Вчера во время тренировки была тяжело травмирована латышская фигуристка Елена Бережная. При выполнении параллельного вращения партнер – Олег Шляхов – пробил ей височную часть головы лезвием своего конька. Фигуристку срочно доставили в больницу. Врачи оценивают ее состояние как крайне тяжелое…
К тому времени Бережная и Шляхов успели прекрасно себя зарекомендовать. Впервые появившись на взрослом льду в 1995-м, показали одну из сложнейших с технической точки зрения программ, на чемпионате Европы в Дортмунде и мировом первенстве в Бирмингеме обошли даже двукратных чемпионов мира среди юниоров, россиян Марию Петрову и Антона Сихарулидзе. Примерно тогда же стало известно, что на латышскую пару «положила глаз» Тамара Москвина. В то время в ее группе готовились к Олимпийским играм Оксана Казакова и Артур Дмитриев, и тренеру позарез нужна была пара, способная обеспечить уже имеющимся ученикам достойный спарринг.

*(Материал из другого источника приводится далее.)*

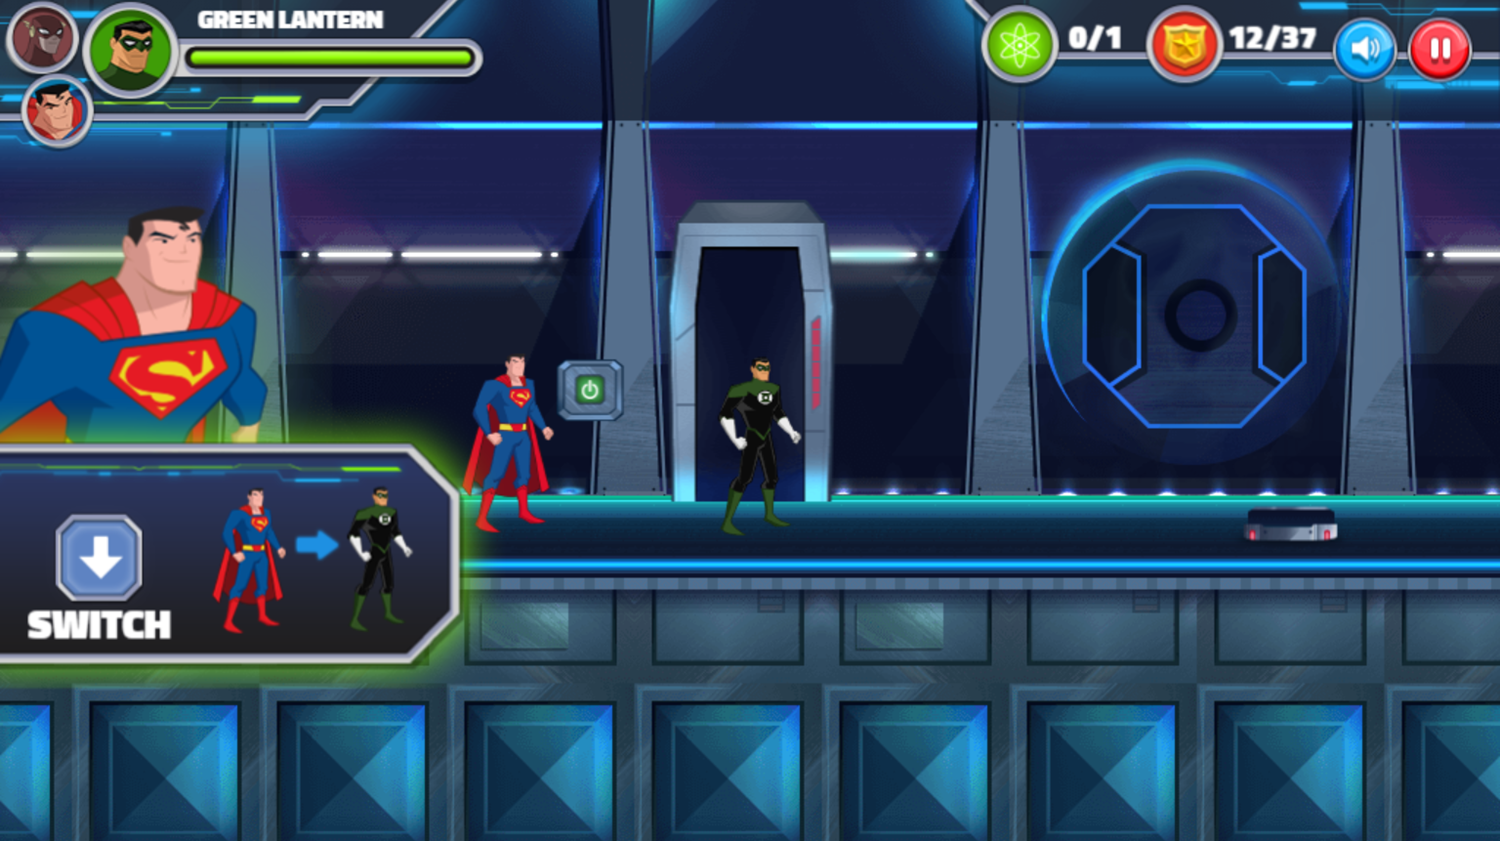 Justice League Action Nuclear Rescue Game How To Switch Screenshot.

Когда случилась трагедия, Москвина немедленно вылетела в Ригу. А чуть позже, на чемпионате Европы в Софии, сдержанно поведала мне, что операция Бережной прошла успешно, но состояние по-прежнему остается тяжелым: из-за того что конек повредил оболочку мозга, у Лены нарушена речь. Тогда же Москвина сказала: «Думаю, Лена сможет кататься. Несколько лет назад подобная травма случилась у немецкой фигуристки Мэнди Ветцель. Она ведь вернулась в спорт!»
* * *
Бережная росла и воспитывалась в Невинномысске. Ее мама одна растила сначала троих собственных детей, потом, после трагедии в семье родного брата, взяла к себе еще трех племянников – оформила опекунство. Из всей шестерки Лена была, пожалуй, наиболее самостоятельной.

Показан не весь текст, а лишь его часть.